_YOUR ASSIGNMENT_
Where a picture shows up in the listing below, omit it and output the rest exactly.

_PROVIDED DATA_
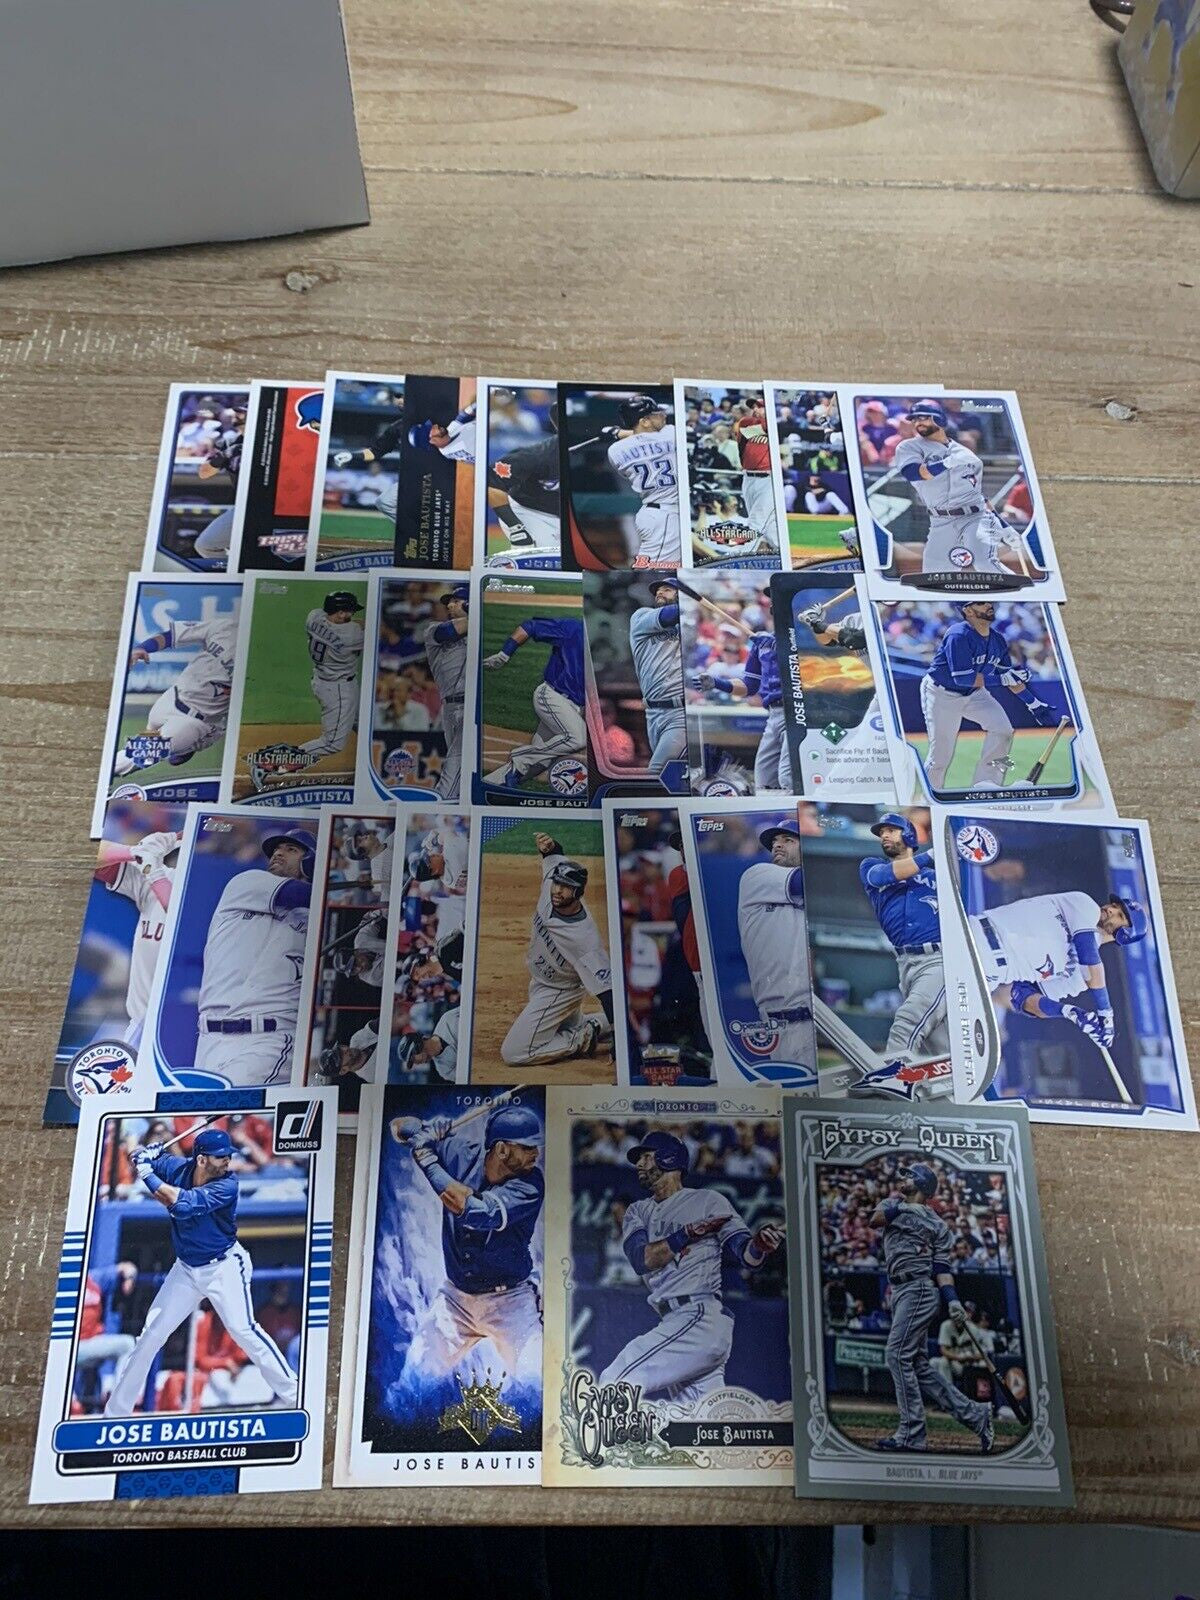 Jose Bautista Parallel Card - Toronto Blue Jays - MLB Baseball - Sports Card Single (Randomly Selected, May Not Be Pictured)
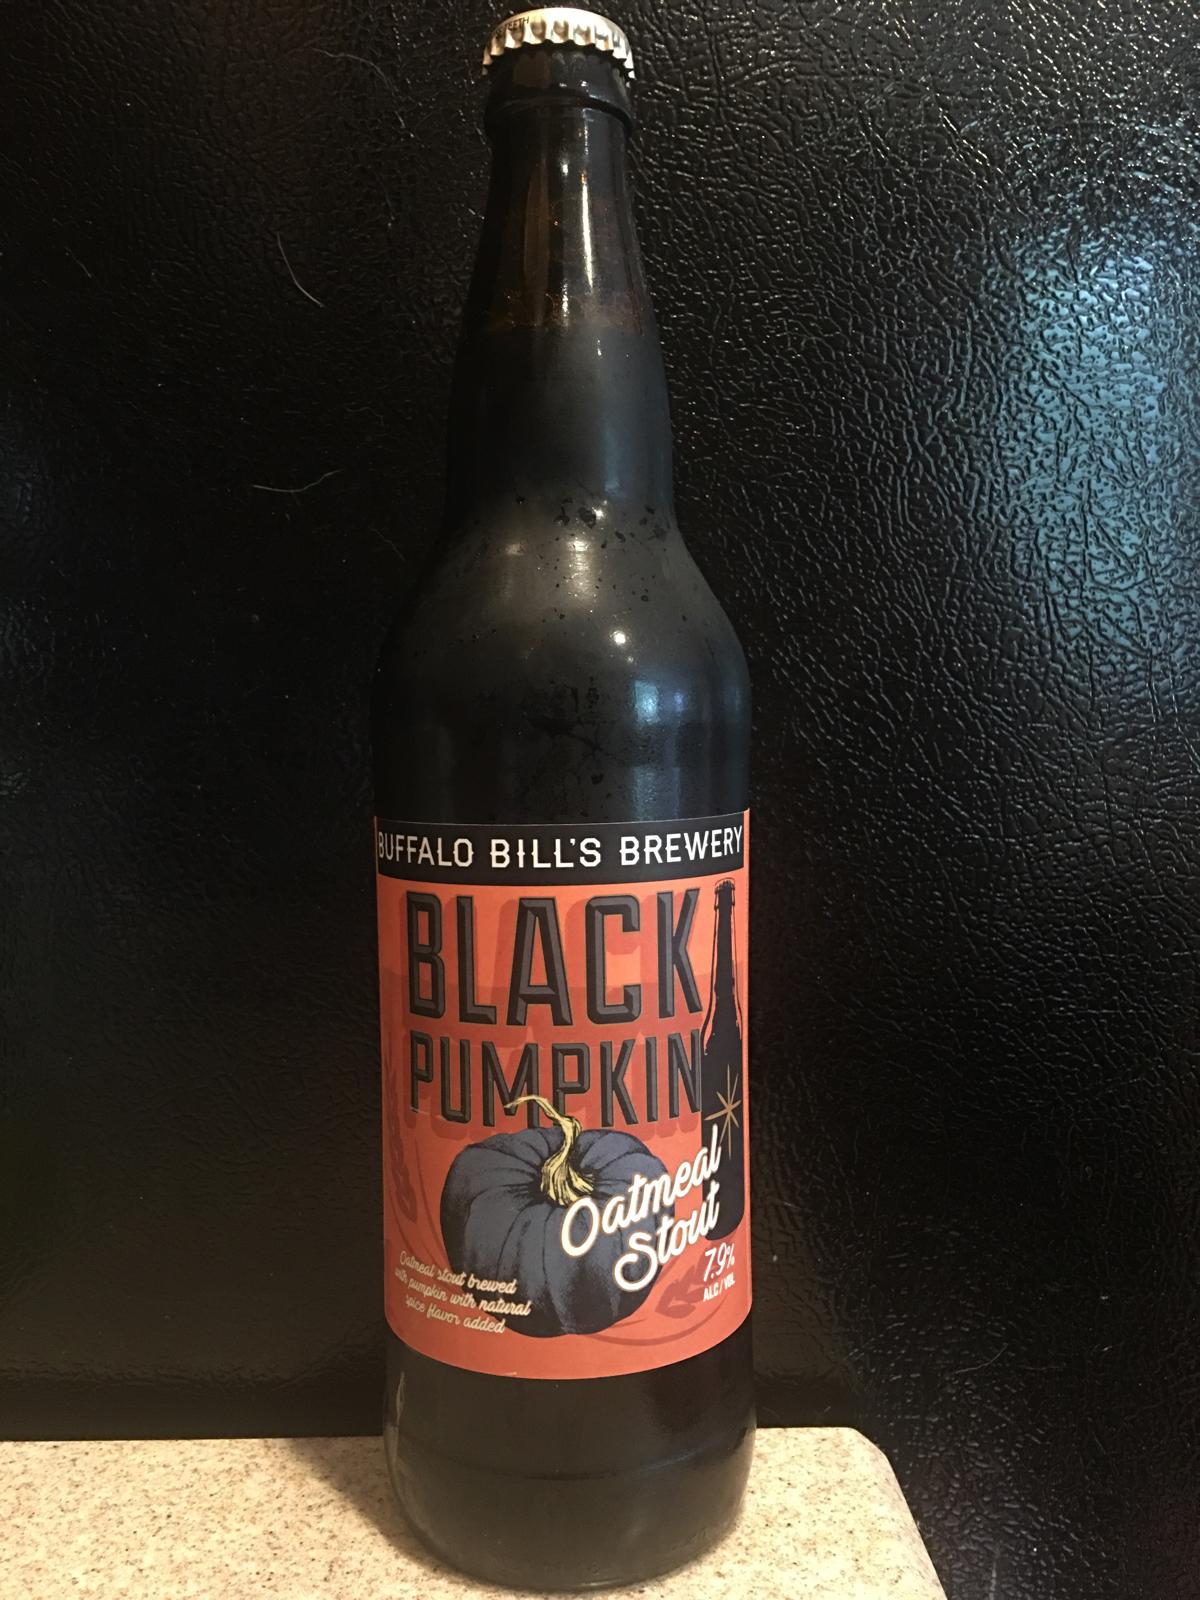 Black Pumpkin Oatmeal Stout (2019)
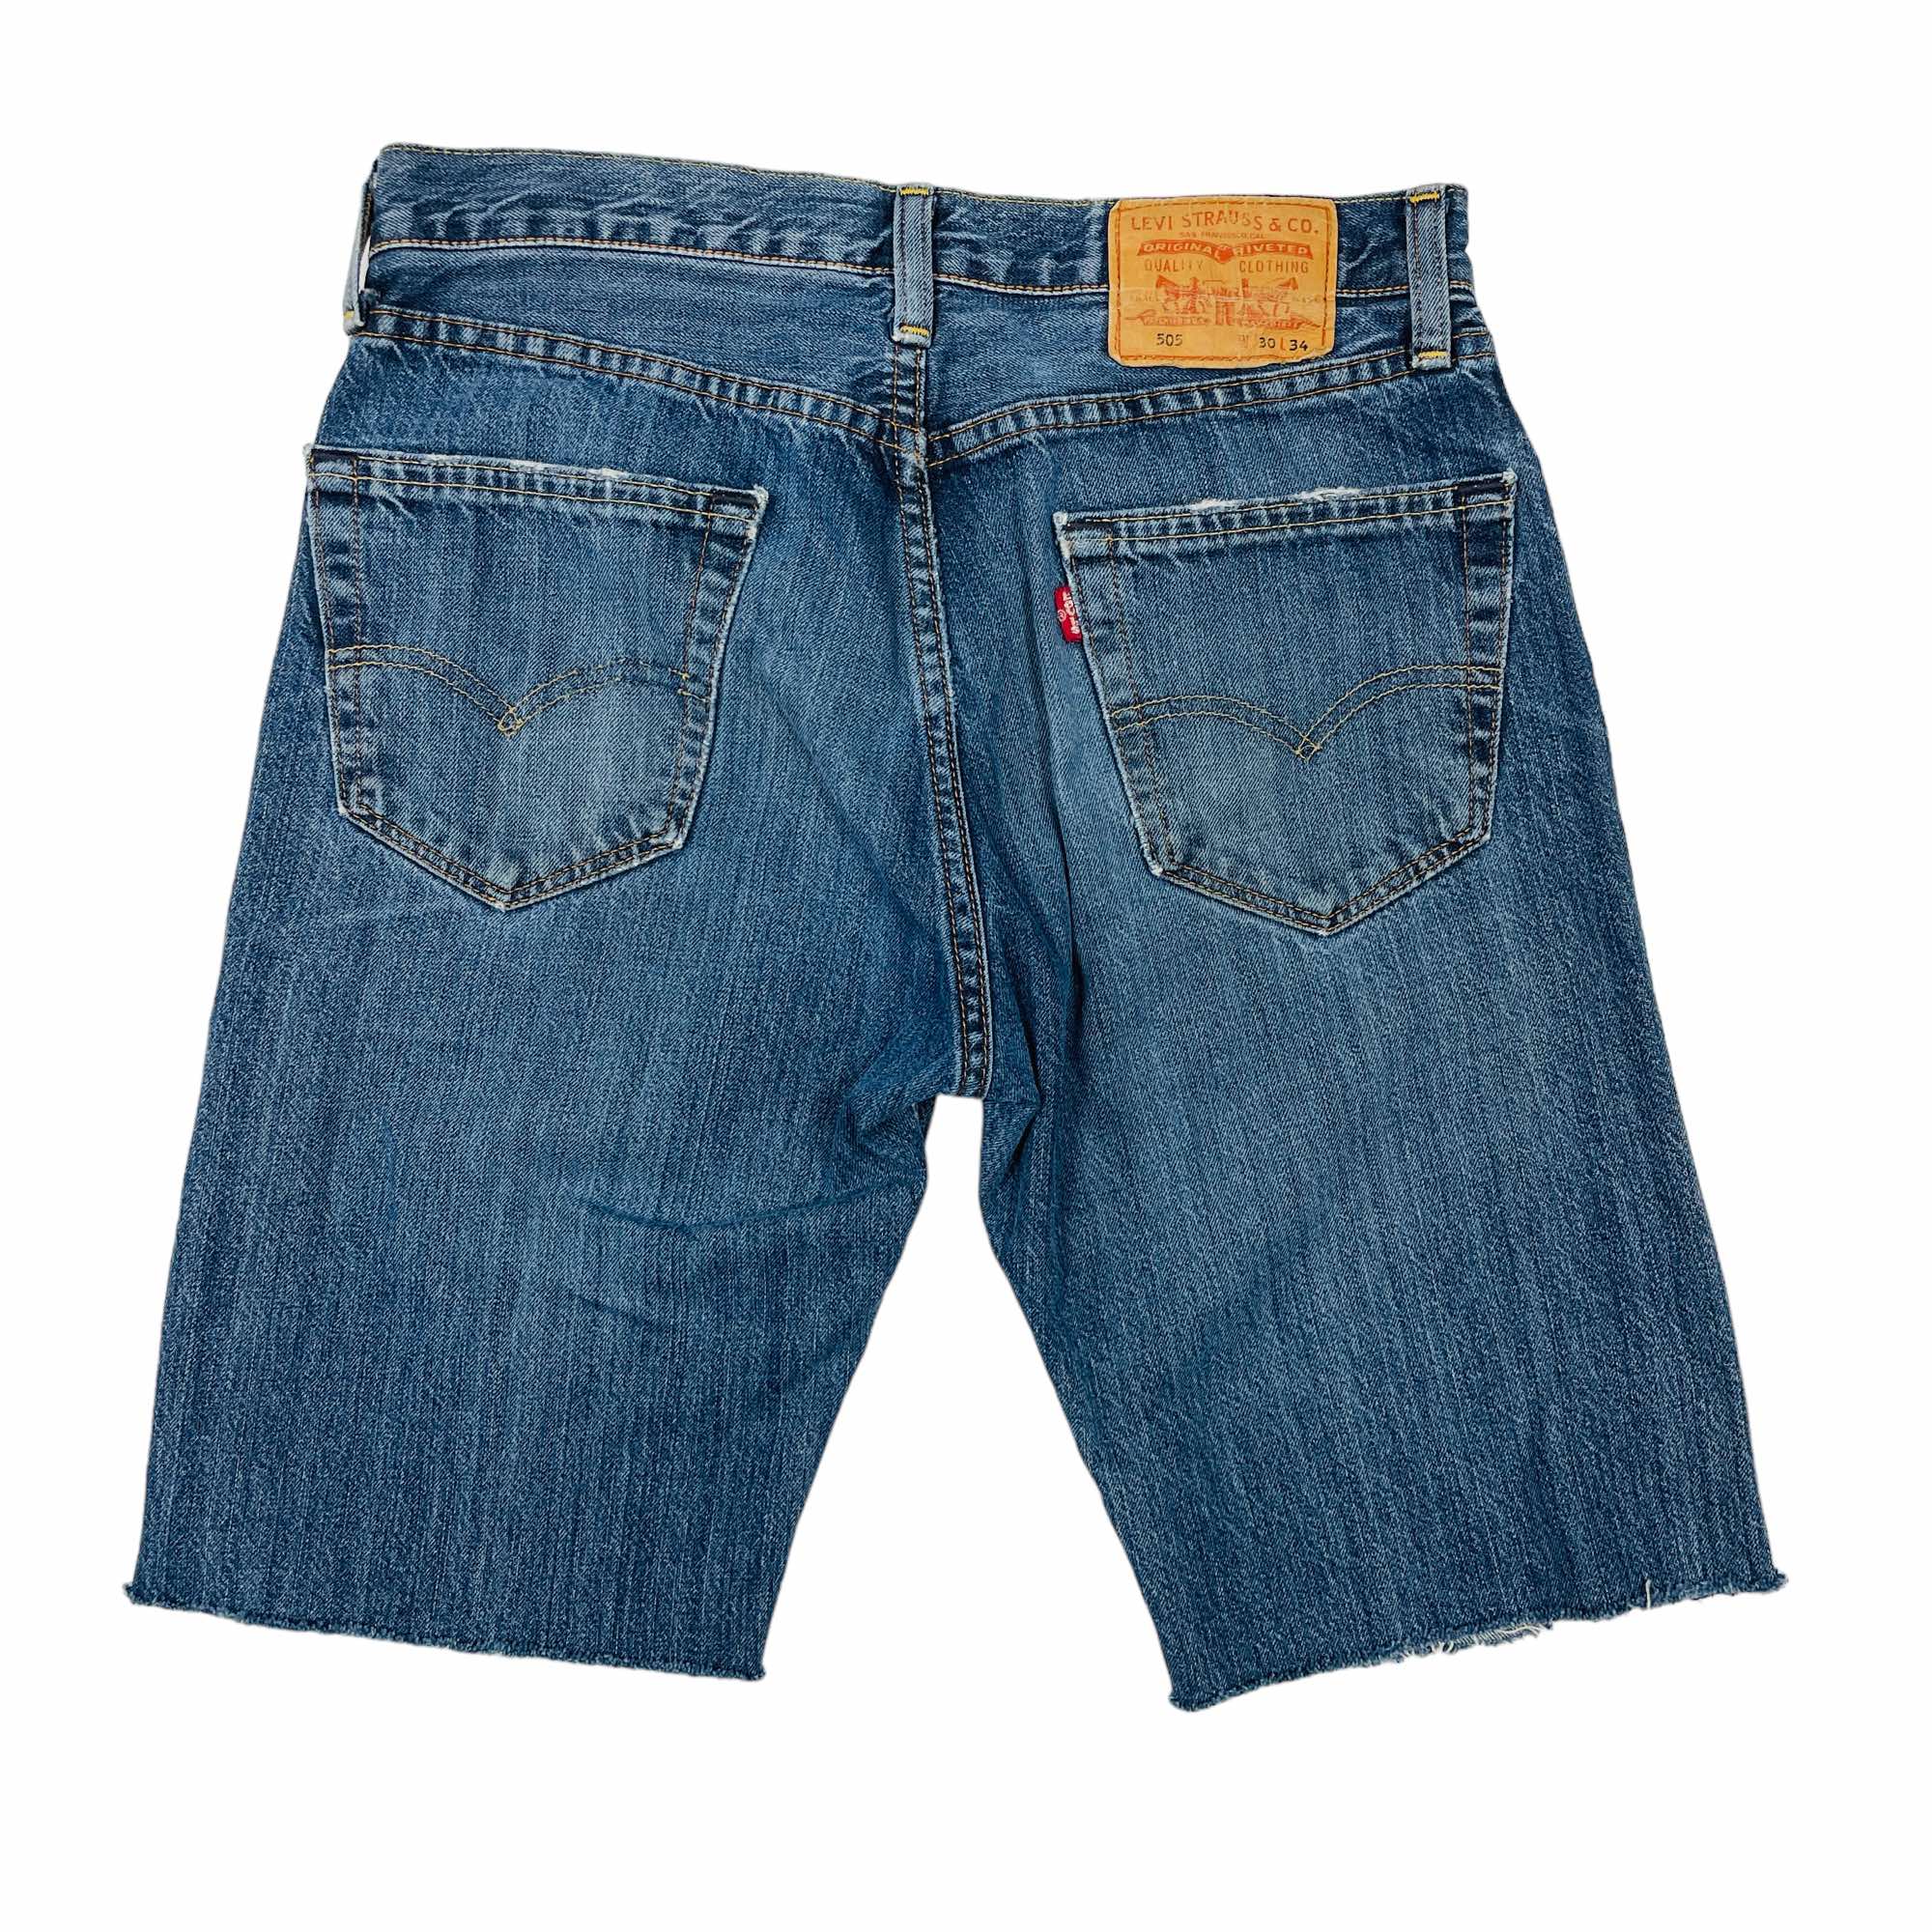 Levi's 505 Denim Shorts - W30

_RESPONSE_
 Jose Bautista Parallel Card - Toronto Blue Jays - MLB Baseball - Sports Card Single (Randomly Selected, May Not Be Pictured)
 Black Pumpkin Oatmeal Stout (2019)
 Levi's 505 Denim Shorts - W30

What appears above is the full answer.